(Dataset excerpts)
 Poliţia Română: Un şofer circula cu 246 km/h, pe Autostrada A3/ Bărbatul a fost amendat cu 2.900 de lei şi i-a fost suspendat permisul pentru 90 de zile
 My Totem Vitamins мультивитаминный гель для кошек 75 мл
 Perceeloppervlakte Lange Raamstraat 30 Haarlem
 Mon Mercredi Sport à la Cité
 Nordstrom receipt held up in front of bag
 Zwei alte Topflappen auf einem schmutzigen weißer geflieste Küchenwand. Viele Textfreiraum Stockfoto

EXERCISE PROMPT: Your output should be the lines from the one with "Perceeloppervlakte Lange Raamstraat" through the end of the records above, copied exactly.

ANSWER AREA:
 Perceeloppervlakte Lange Raamstraat 30 Haarlem
 Mon Mercredi Sport à la Cité
 Nordstrom receipt held up in front of bag
 Zwei alte Topflappen auf einem schmutzigen weißer geflieste Küchenwand. Viele Textfreiraum Stockfoto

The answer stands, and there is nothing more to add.